The prosecution in the Winona Ryder shoplifting trial in Beverly Hills rested its case Thursday after one last witness, police detective Mark Parker, testified that Ryder told him she was rehearsing for a role when she allegedly boosted nearly $6,000 in merchandise from Saks Fifth Avenue. His statement echoed an earlier assertion by former Saks guard Colleen Rainey, whose testimony the defense tried to undermine by grilling her for 90 minutes over whether she had tried to profit from her encounter with the star.

”At one point she was explaining that she was getting in character for a role as a kleptomaniac,” Parker testified, according to press accounts of the trial. ”She wanted to see what it was like to shoplift.” He was the third witness, after Rainey and Saks security chief Kenneth Evans, to testify that Ryder had given that Method-acting excuse for her actions. On Wednesday, Rainey had testified that Ryder had told Saks staff that the movie was the adaptation of Steve Martin’s novel ”Shopgirl” (which is about a clerk at a Beverly Hills department store) and told police it was the adaptation of James Ellroy’s crime novel ”White Jazz.” Ryder’s publicist told reporters late Wednesday that Ryder had been in talks to star in both movies, deals that ultimately failed to go through, but that neither role involved shoplifting, and that witnesses had mischaracterized Ryder’s mention of the movies.

Ryder’s attorney, Mark Geragos, cross-examined Rainey with questions focusing on small inconsistencies in her story, like her failure to mention in her initial report about her spotting Ryder allegedly snipping sensor tags from merchandise, that she was peering at the actress through the slats of a dressing-room door. Geragos presented documents noting that Rainey and her aspiring-screenwriter husband had set up a ”writing services” business within a couple weeks of Ryder’s December arrest, Reuters reports, but Rainey denied that she was trying to capitalize on the incident by selling her own story. Under questioning by prosecutor Ann Rundle, Rainey said she had not spoken about the case to tabloid-TV shows or on ”Larry King Live” — unlike Geragos, E! notes.

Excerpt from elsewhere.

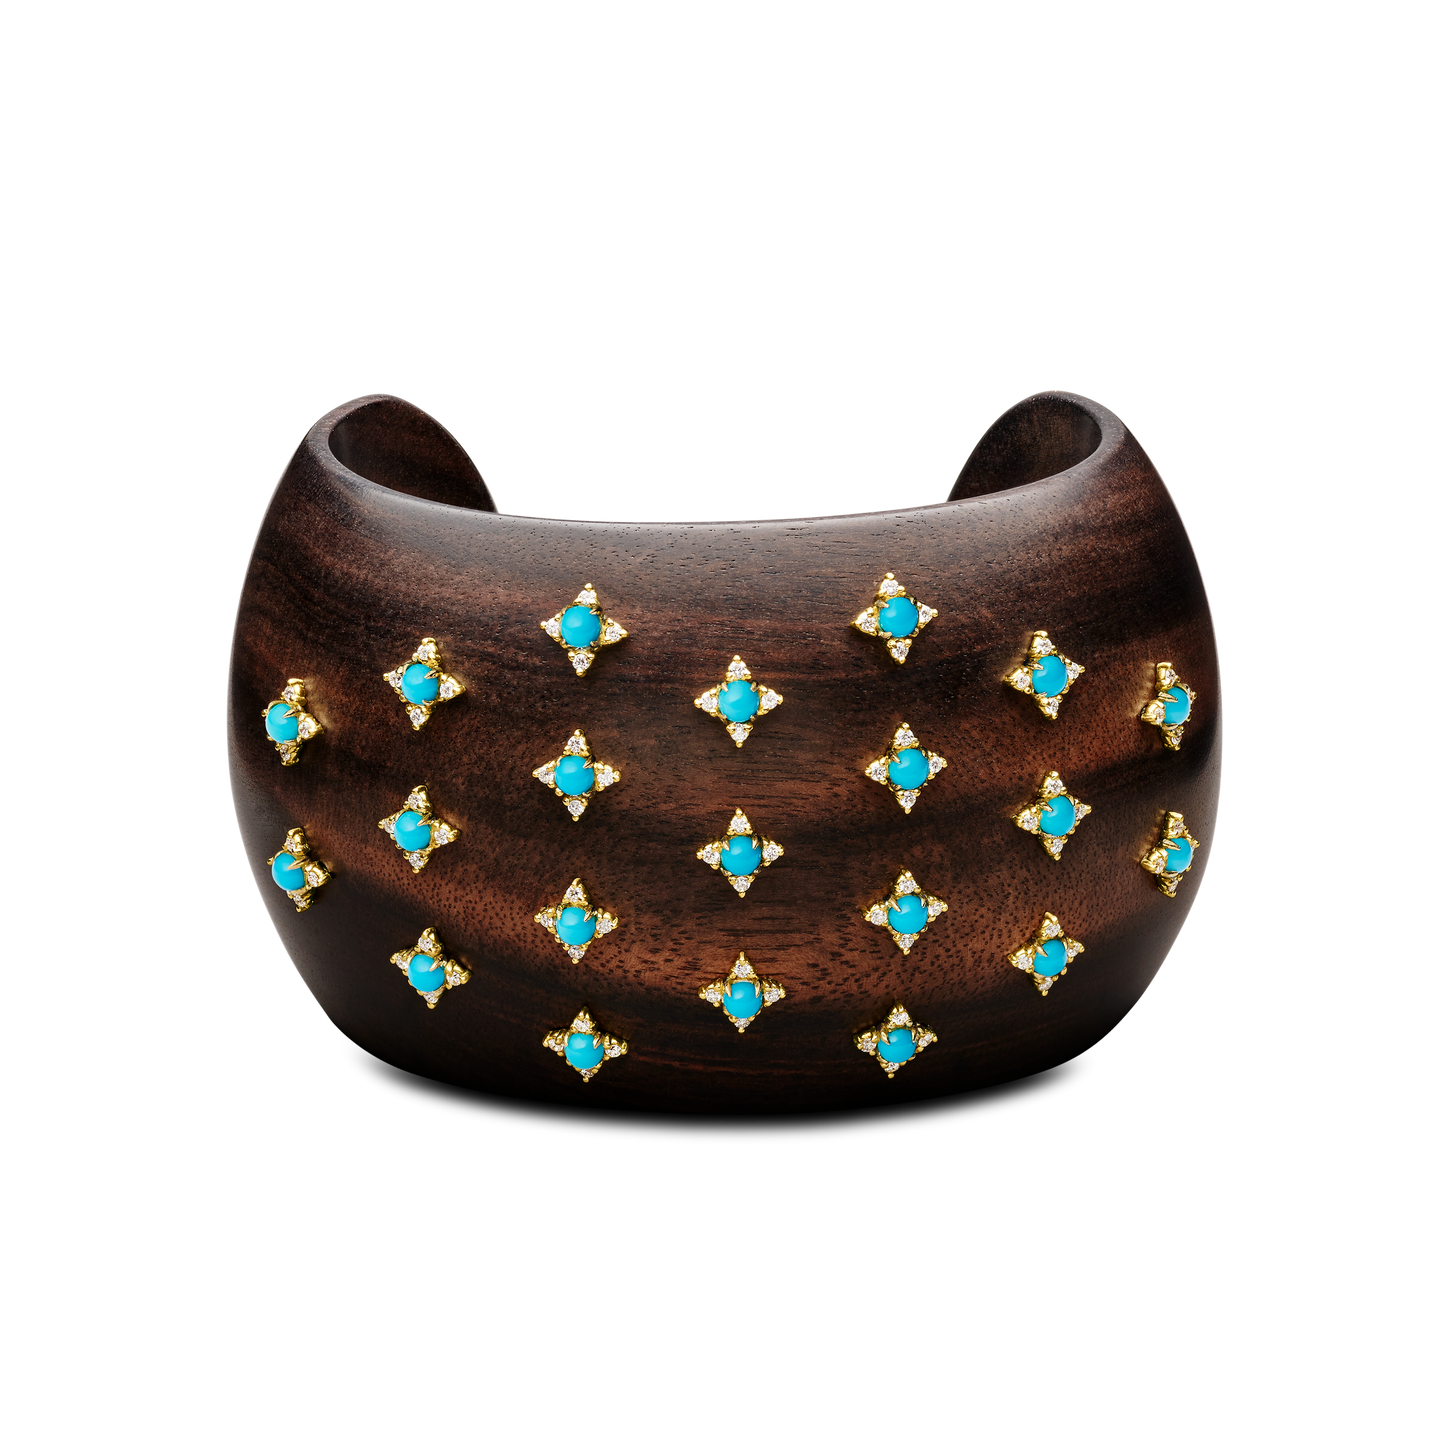 Macassar Ebony Carved Wood Cuff Bracelet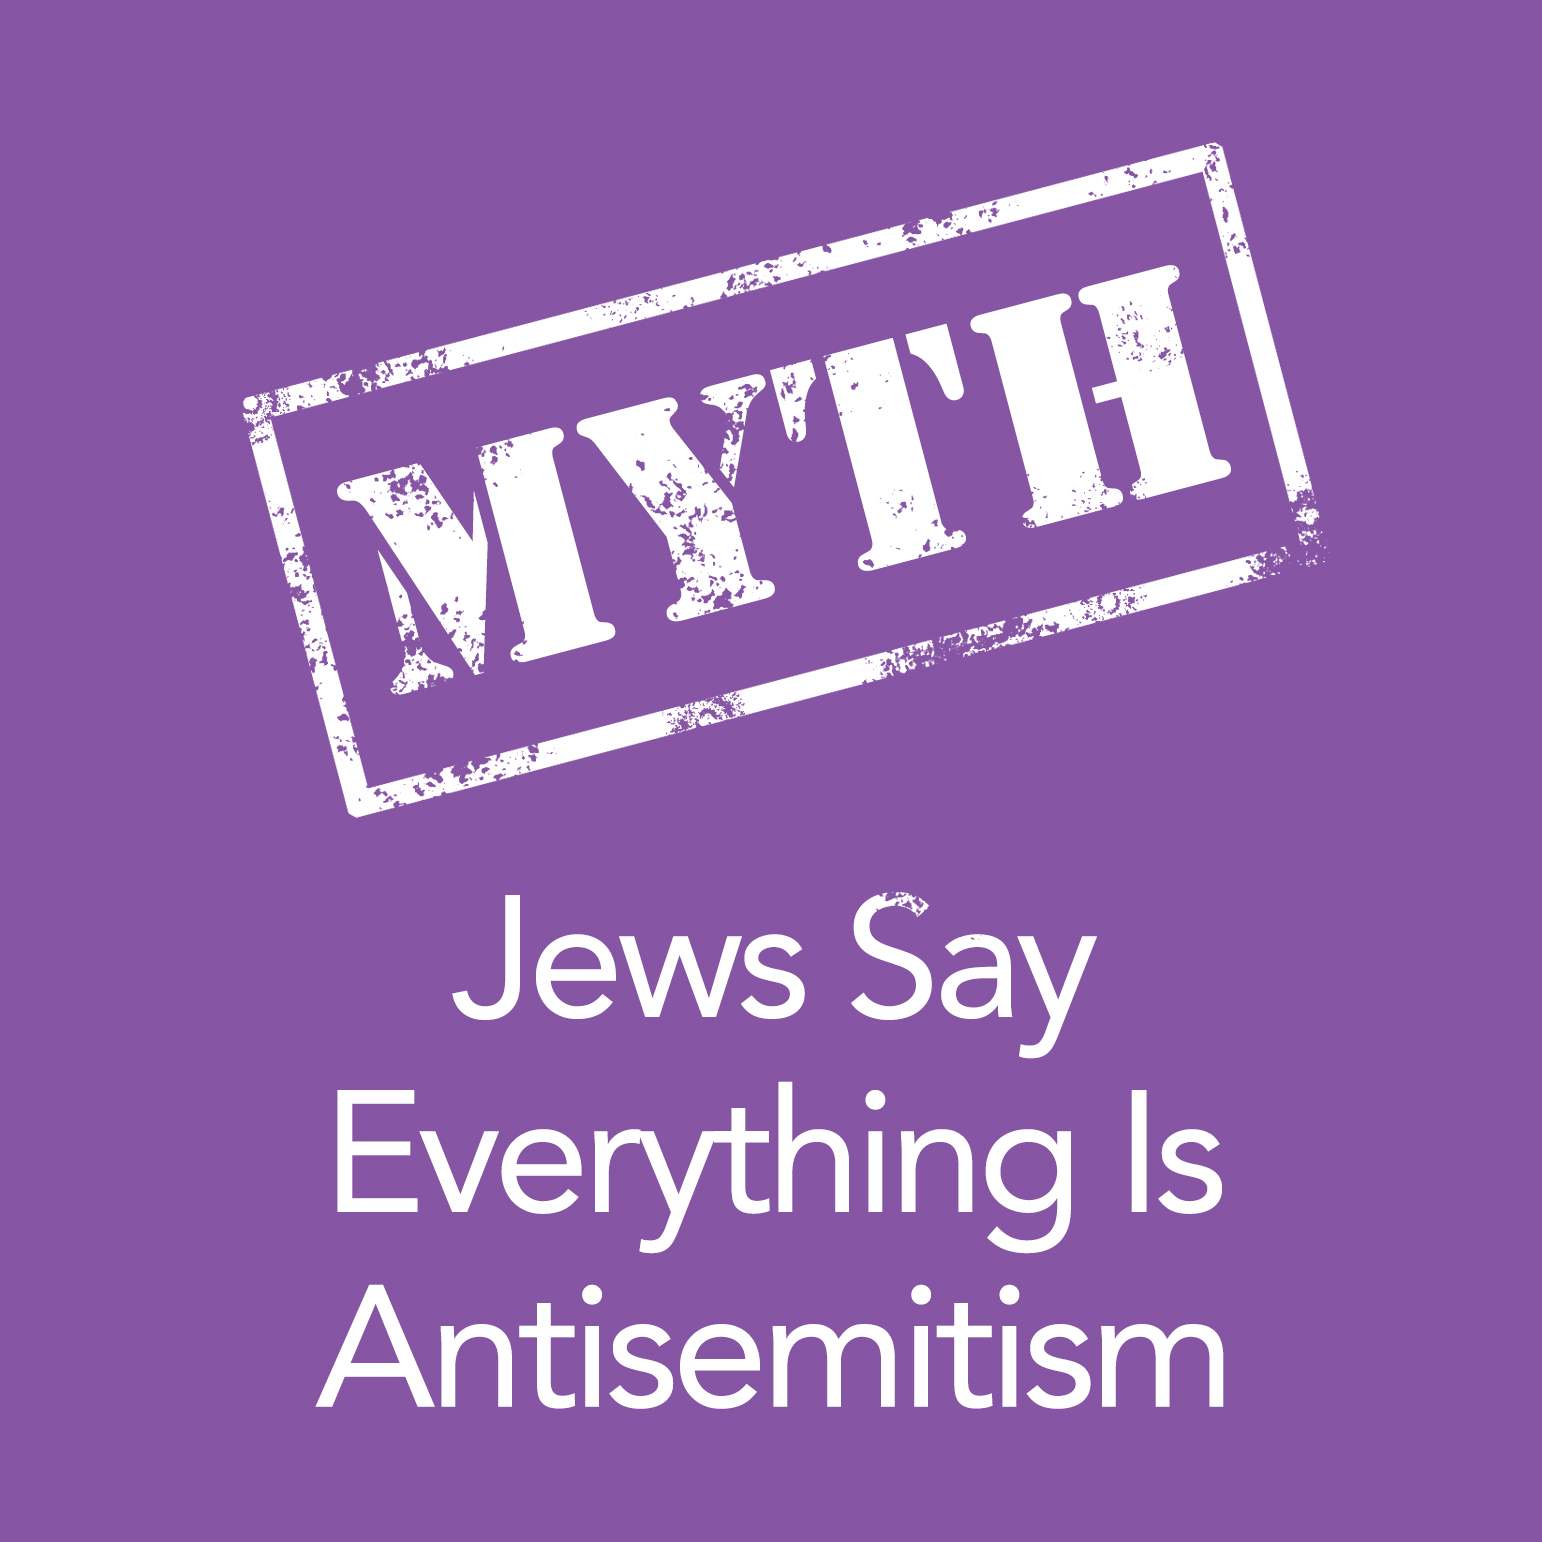 Jews Say Everything is Anti-Semitic

Rainey denied other allegations, saying she had not hurled something at Ryder and called her a ”bitch,” and had not rifled through Ryder’s address book and copied the phone numbers of celebrity acquaintances like Bono and Keanu Reeves. Geragos begins presenting witnesses on Friday, one of whom may be Ryder herself. Asked if his client would testify Friday, Geragos told Reuters, ”I can’t tell you now. I’m going to talk to her.”